Ne var ki, bir hareketin talepleri bir kez elde edildiğinde amaçlanandan farklı sonuçlar doğurabilir.
Pozitif ayrımcılık kampanyaları serbest meslekler denen alanlarda daha fazla etkili oldu; böylece bu fırsatlardan yararlananlar, eğitimli ve çoğunlukla beyaz olan kadınlar oluyordu.
İşçi hareketinin kadınları ve siyahları örgütlemedeki yetersizliği bu durumun temel sebeplerinden biriydi.

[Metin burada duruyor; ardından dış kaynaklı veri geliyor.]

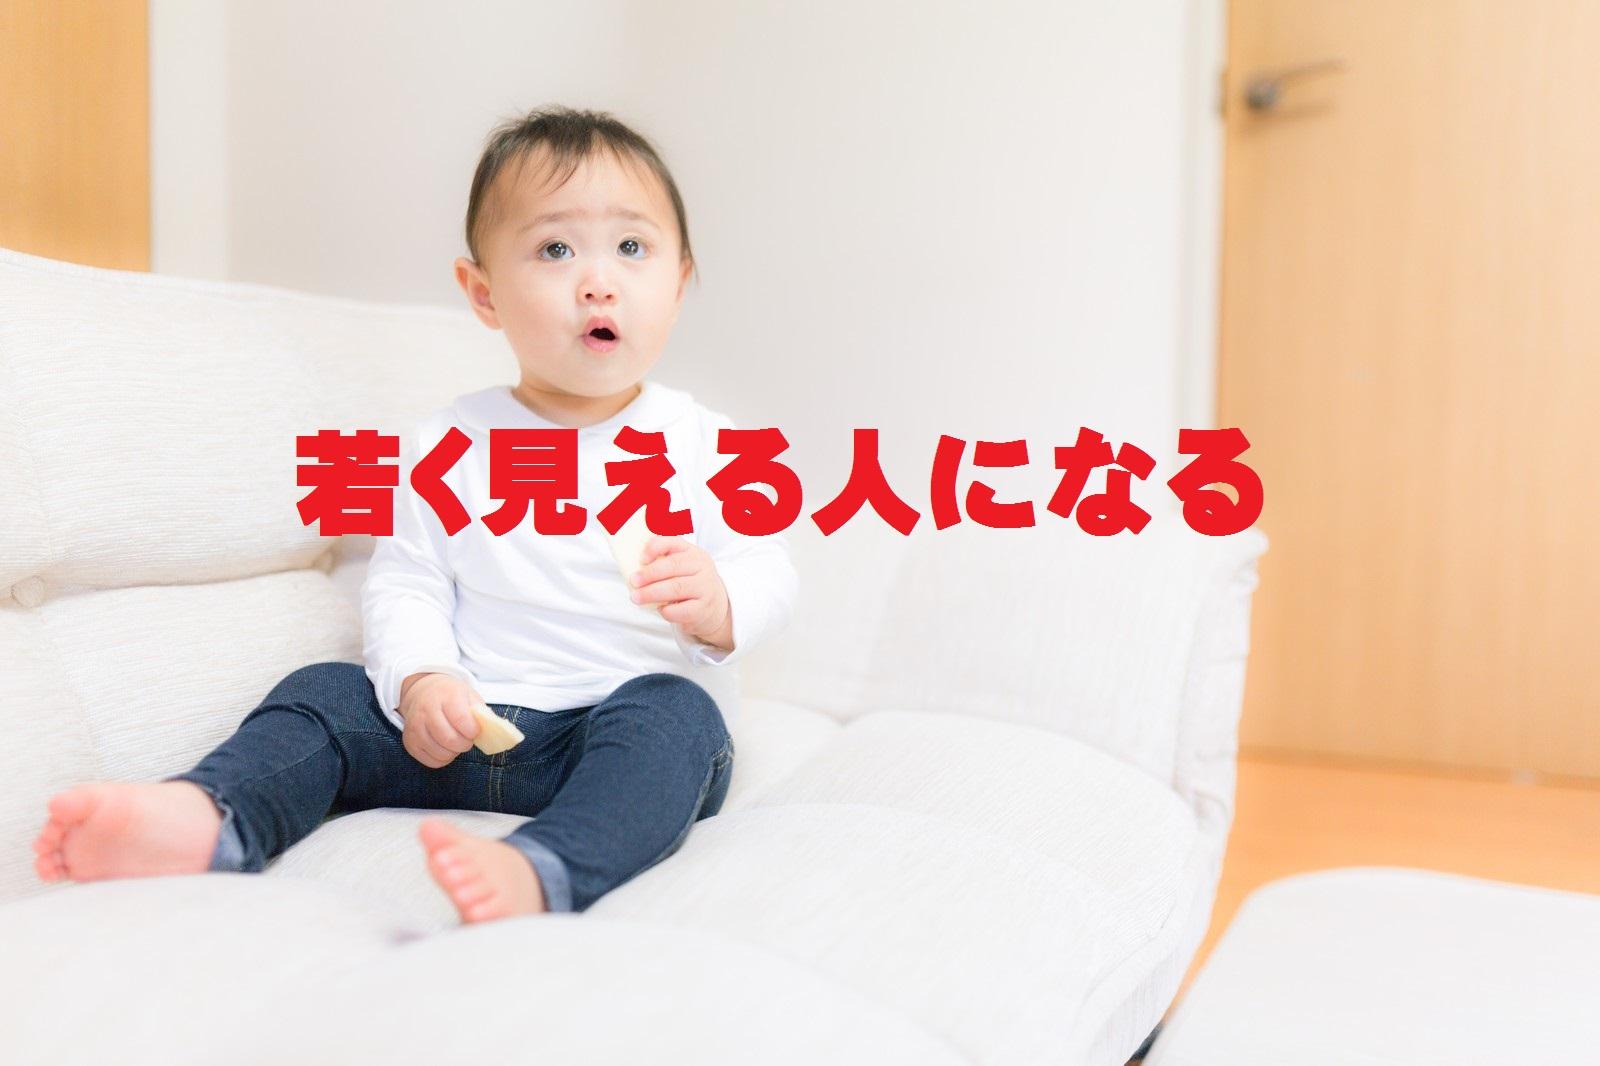 赤ちゃんの画像に「若く見える人になる」の文字

Pozitif ayrımcılığın sınıfsal ve ırksal bakımdan farklı etkiler yaratması, aynı zamanda 1970'ler, 80'ler ve 90'larda Amerikan ekonomisinde merdivenin en alt ve en üst basamakları arasındaki uçurumun büyümesine neden olan ekonomik katmanlaşmanın da bir sonucuydu.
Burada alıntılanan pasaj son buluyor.